We continually monitor, analyze and seek to minimize the risks within our capital structure with a view to maintaining an optimal financing mix that suits the nature of our businesses and that generates value for shareholders.
Our team is squarely focused on meeting – and exceeding – planned business performance expectations, which improves our company’s stability, value and future prospects.
We seek to manage our capital structure so that it remains flexible and offers room for expansion.
Our debt to capitalization ratio at year end, which is appropriate for the low risk profile and long life of our businesses.
Dear Fellow Shareholders,
Fiscal 2013 represented a year of solid execution and growth in many aspects of our business. Total revenue grew by 8.9%. Our Adjusted EBITDA grew by 6.7% to $128.4 million, which was in line with our updated expectations and reflected the diverse mix and stable cash flow characteristics of our infrastructure businesses.
We accomplished this performance while completing the acquisition of Renewable Energy Developers Inc. in early October, adding new talent, several operating wind facilities, and a pipeline of wind power development projects to our portfolio. This transaction will contribute to Capstone’s performance in 2014 and beyond, particularly as the development projects are completed, and provides us with a larger platform for growth.
The low variability of our results from year to year speaks to the long-term stability of our portfolio as well as our solid financial position. We ended 2013 with a debt-to-capitalization ratio of 65.7%, reflecting an increase in debt at Bristol Water to fund ongoing capital expenditures and the input of foreign exchange translation. We ended the year with cash of $45.8 million, of which $18.5 million is available to Capstone for general corporate purposes. The variance between this position and the cash available at the end of the third quarter was primarily due to the cash used at Bristol Water to fund its capital expenditure program. Notably, our outstanding debt is almost entirely fixed rate or linked to inflation and is predominantly secured at the operating business level, which means it is non-recourse to Capstone. Approximately 97% of the long-term debt at our power facilities is scheduled to amortize over our PPA terms. At Bristol Water, approximately 80% of long-term debt has a maturity longer than 10 years. Our capital structure at the corporate and subsidiary level aligns with the cash flow profile and duration of our businesses and gives us the flexibility to pursue new investments.
Our corporate strategy is to develop, acquire and manage a high quality portfolio of infrastructure businesses across four pillars of core infrastructure: utilities, power, transportation and public-private partnerships. In each of these segments, we look for long-life businesses that are contractually defined or regulated, and which provide stable, predictable and growing cash flows.

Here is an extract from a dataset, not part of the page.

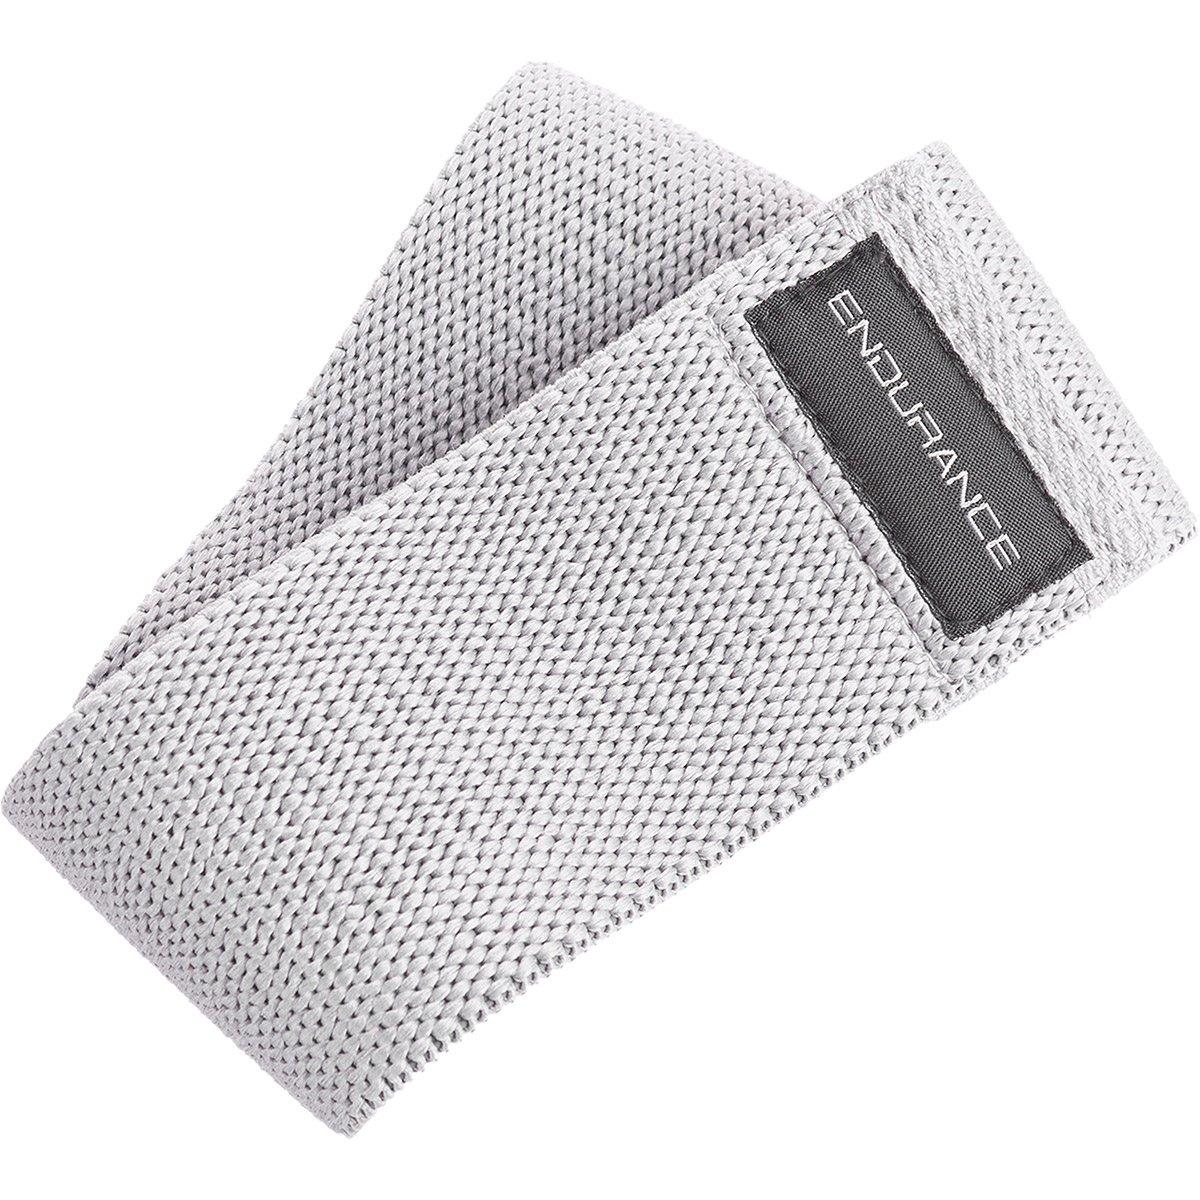 Køb Endurance Tekstil Power Band – Medium

A key priority of my job is to direct capital management planning to make sure we have the resources to support growth, including:
- Ensuring an appropriate capital structure at the corporate and subsidiary level that aligns with the cash flow profile and duration of our businesses;
- Preserving our financial flexibility to ensure access to either debt or equity capital on commercially reasonable terms;
- Maintaining sufficient liquidity to meet short- and medium-term operating needs;
- Establishing relationships with investors and lenders to enhance our capacity to seize growth opportunities as they arise; and
- Communicating Capstone’s operating results and performance expectations with transparency.
A specific focus in 2014 will be to arrange approximately $140 million in project-level financing for our near-term wind development projects, which include Skyway 8, Saint-Philémon and Goulais. In addition, we recently established a new $50 million corporate credit facility to provide us with flexibility to advance our development projects and to pursue other growth initiatives.
For 2014, we expect to achieve Adjusted EBITDA of $140 million to $150 million. This reflects our expectation of continuing stable performance from our power and utilities businesses, including a full year of contribution from the operating wind facilities we acquired from ReD and a partial year of contribution from our development projects as they enter commercial operations. We are focused on efficiently managing and building our businesses, improving our practices and operations wherever possible, and continuing to pursue growth opportunities that will build shareholder value. I believe 2014 will prove to be another active year for Capstone.
A key strength for our company is the quality of our people at all levels of the organization and the deep relationships they have cultivated with suppliers, customers, landowners and local communities, which enhances our competitive position and fulfills our responsibility to stakeholders. This team works hard to support Capstone’s mission, which is to provide investors with an attractive total return from responsibly managed long-term investments in core infrastructure in Canada and internationally. We are also committed to providing fair and transparent disclosure about our business and performance to the investment community and other stakeholders. The Chartered Public Accountants of Canada recognized our efforts in 2013 with an Award of Excellence in Corporate Reporting.
Capstone’s fundamentals remain strong. The investments we have made over the past few years are paying off in terms of our businesses and financial metrics, and our portfolio features increasingly diversified and high quality income streams. We believe our disciplined, prudent approach to financial management and growth will enable us to continue to create value for our shareholders.
Thank you for your continuing support.